In selecting board members, Canadian-based corporations are being pressured to include:

  • More women
  • Members of cultural communities
  • Professionals and people with diverse backgrounds
  • Political leaders and academics
  • Community leaders
  • Institutional investors’ representatives, and
  • Recruits from outside the industry’s inner circles

More diverse representation will bring more objectivity to the board table, as well as international experience and a network of contacts that enrich the board’s contribution to company decisions:

A board that seeks to operate internationally when it is composed entirely of U.S. citizens who have had only minor opportunities to master foreign cultures and markets-a fair characterization of a large number of contemporary U.S. boards-governs with one eye shut. The easiest way to gain the necessary international vision is to open the boardroom to talented foreign executives who will be able to add an accented voice where one is desperately needed. (Grundfest, Joseph A., “The board as a portfolio,” Directors and Boards, 1997, 28)

The same holds true for Canadian boards. The result? Boards are more sensitive to regional, ethnic and gender viewpoints; they know how to operate in multiple cultures, and think and act globally; and they provide new perspectives on management issues.

The flip side of globalization is that borders are no longer constraining talented Canadians, who are increasingly being solicited to serve on boards of foreign or multinational corporations. Companies have to present interesting perspectives and efficient structures and policies to attract the top talent to their boards, which adds to the other globalization-induced pressures on corporate governance. This is all good news for Canadian directors, whose waning influence at home may be compensated by increased opportunities abroad. Canadian business people, with their wealth of knowledge and experience in cutting-edge management practices, and with their sensitivity to multicultural and social issues, are well positioned to take advantage of the new opportunities triggered by this opening of borders and boards to foreign directorships. For Canadian companies, however, this means added challenges to keep the best domestic talent on their boards, as well as attract the best foreign representation.

The rise of the Internet, the growth of institutional investors and the intensified pressures of international competitiveness may do more to change the form and function of Canadian boards than any report. The impacts of these three influences are far-reaching, affecting the composition of boards, their responsibilities, the way they function, and the compensation and time commitment of directors.

While governments and agencies will create new rules, enforcement will depend upon periodic inspection and prosecution. As a result of new market forces, however, boards will be looked to for ongoing assurance that their corporation is acting on the basis of ethical considerations and competitive competence.

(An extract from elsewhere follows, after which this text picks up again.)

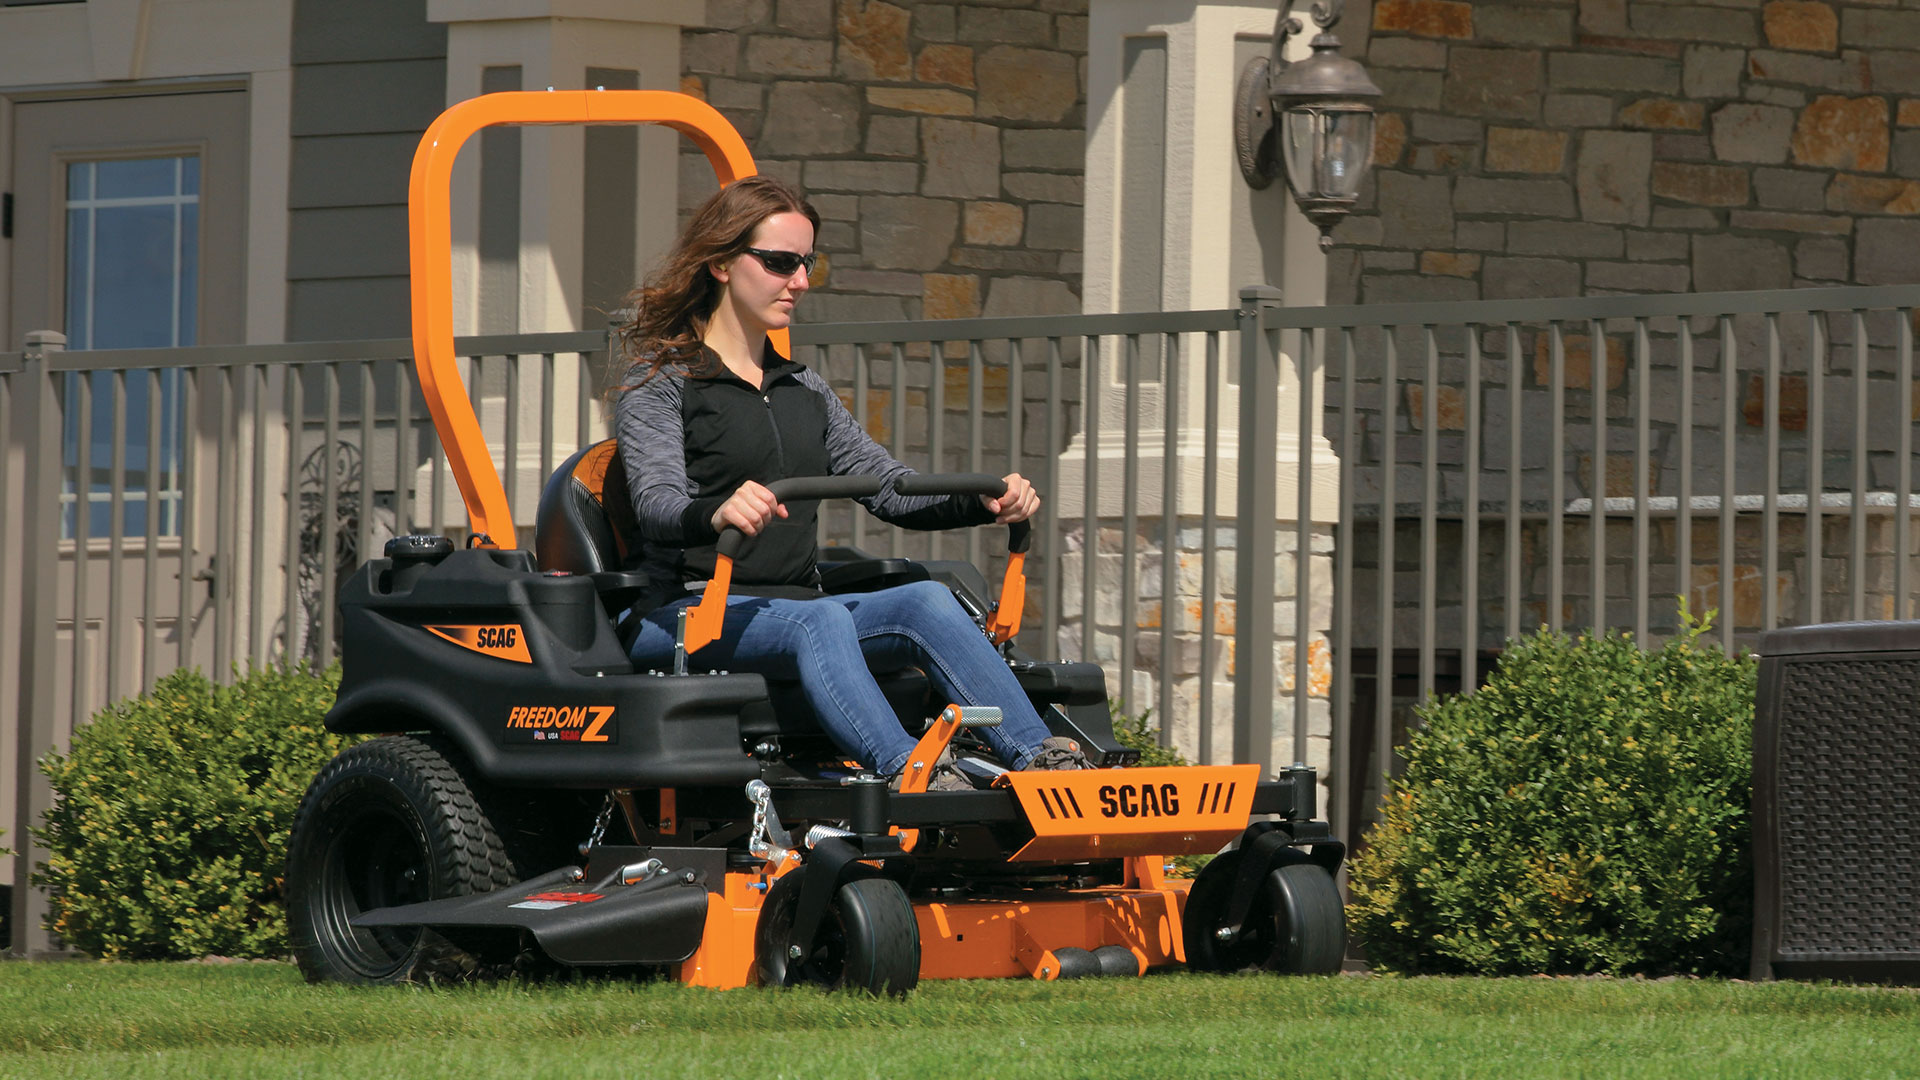 Freedom Z® Zero-Turn Riding Lawn Mower, Products

In this new corporate governance paradigm, questions remain about how to ensure the right “balancing of power” between mammoth institutional investors, Internet-enabled individual investors, company management, the public, and each stakeholder’s agenda, be it the maximization of shareholder value or responses to social or environmental concerns. It is in this “balancing of power”-particularly in the context of an ethical analysis of short-term versus long-term shareholder- value maximization-that boards will be playing a new, powerful role in corporate governance.